Consider a 'trust protector'
One of the indirect powers that the trust maker of an irrevocable trust might utilize to ensure that the trustees act in the best interests of the trust maker or the trust maker’s beneficiaries is the power of a “trust protector.” Trust protector powers over an irrevocable trust can vary from trust to trust, depending on the terms of the trust agreement creating the trust, though the trust protector powers can even include powers to amend the trust and appoint different beneficiaries. Sometimes the trust protector is even permitted to appoint the trust maker as a temporary beneficiary of an irrevocable trust in which the trust maker was not named as a beneficiary. In other situations, the trust protector can ask the distribution trustee to reimburse the trust maker for expenses or taxes that the trust maker pays for the trust when the trust earns money.
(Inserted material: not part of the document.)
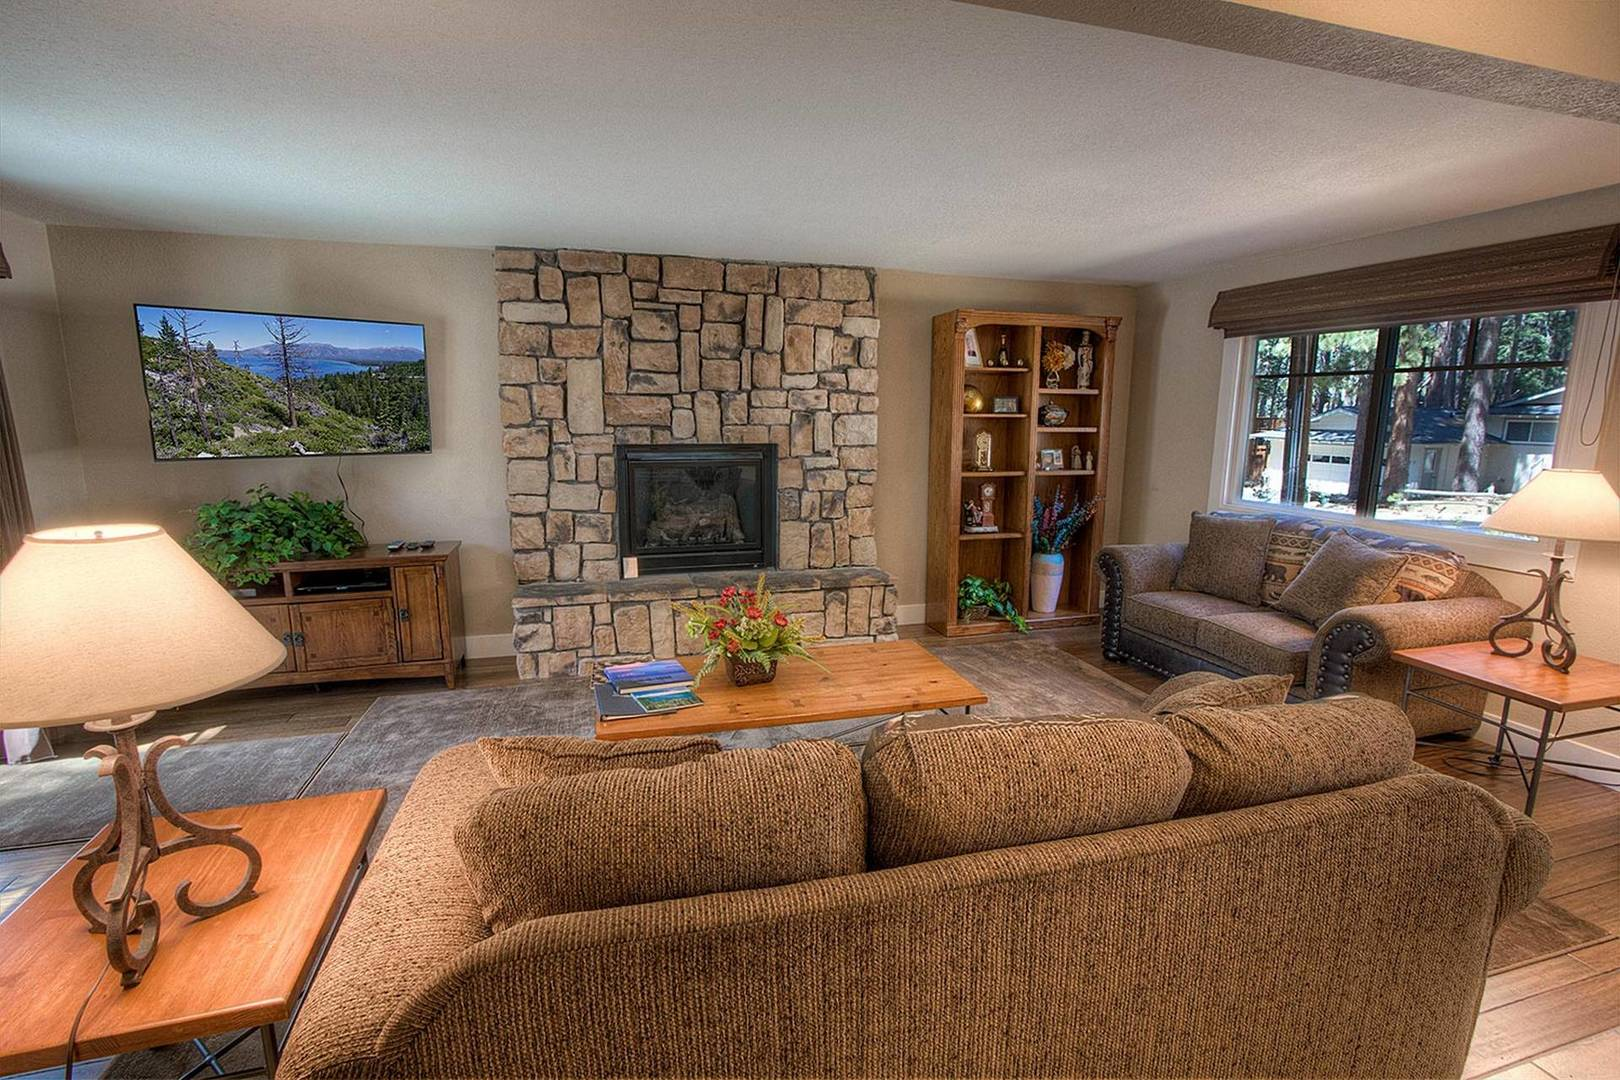 hch0682 living room
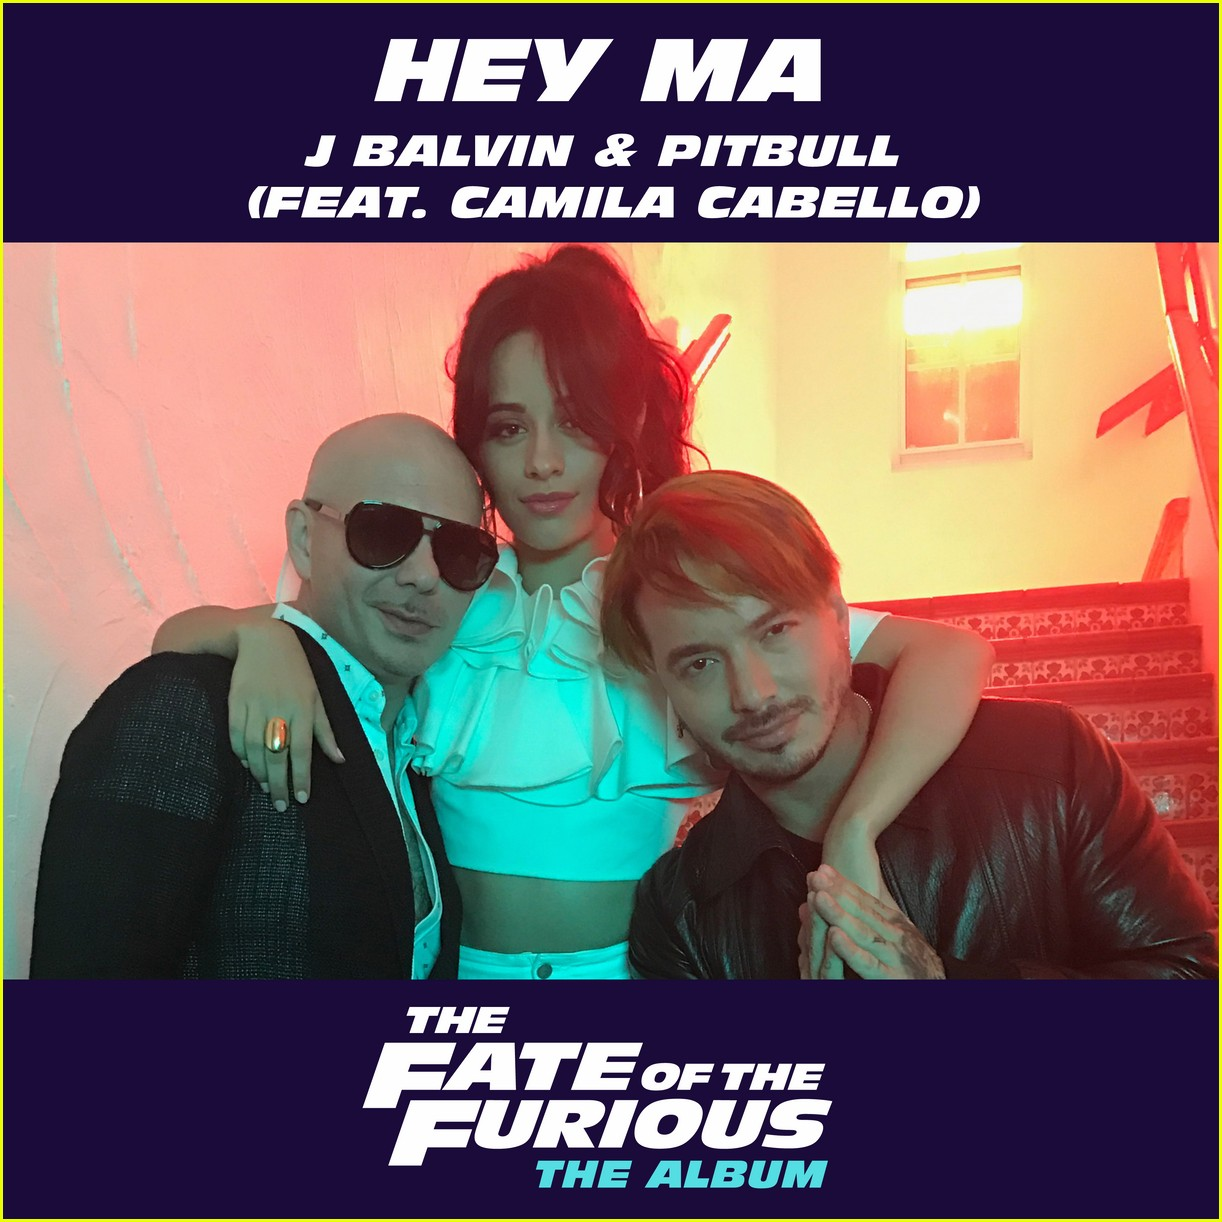 watch pitbull camila cabello and j balvin in hey ma english vesion music video 02

Additionally, the trust protector office can hold a “fiduciary” power, under which the trust protector must act in the best interests of the beneficiaries, or the trust protector can be a non-fiduciary power to avoid the trust protector having duties to the beneficiaries. While “best interests” sounds great, it can be a problem when a trust protector needs to take actions that are contrary to the interests of the current beneficiaries as shown in the following example:
Example. A trust maker with no present beneficiary rights needs a distribution from the irrevocable trust that the trust maker earlier formed, to cover a major expense of the trust maker. The trust protector orders the distribution trustee to name the trust maker as a temporary beneficiary and make a distribution to the trust maker. The existing beneficiaries of the irrevocable trust, like all beneficiaries of trusts, do not like seeing money that could have been distributed to them, or stayed in the trust for their benefit, go to someone else. However, under the terms of the trust formation agreement, the trust protector has the authority to order the distribution trustee to make a distribution to the trust maker and determines that the trust maker should get the distribution. The irrevocable trust beneficiaries could cry “foul play” against the trust maker. However, under the trust agreement, the trust maker is not a fiduciary who must act in the best interests of the beneficiaries of the irrevocable trust, and the trust protector can use the trust protector powers in a way that is contrary to the beneficiaries without facing liability under fiduciary standards.
Ultimately, the distinction in whether the trust protector is bound by a fiduciary duty to act in the best interests of the beneficiaries can be critical in reducing the trust protector’s liability and preventing many beneficiary disputes over distributions. To avoid the trust protector powers from undermining the asset protection of a trust, it may be advisable to require that the replacement of the trust protector be by a court with jurisdiction over the trust.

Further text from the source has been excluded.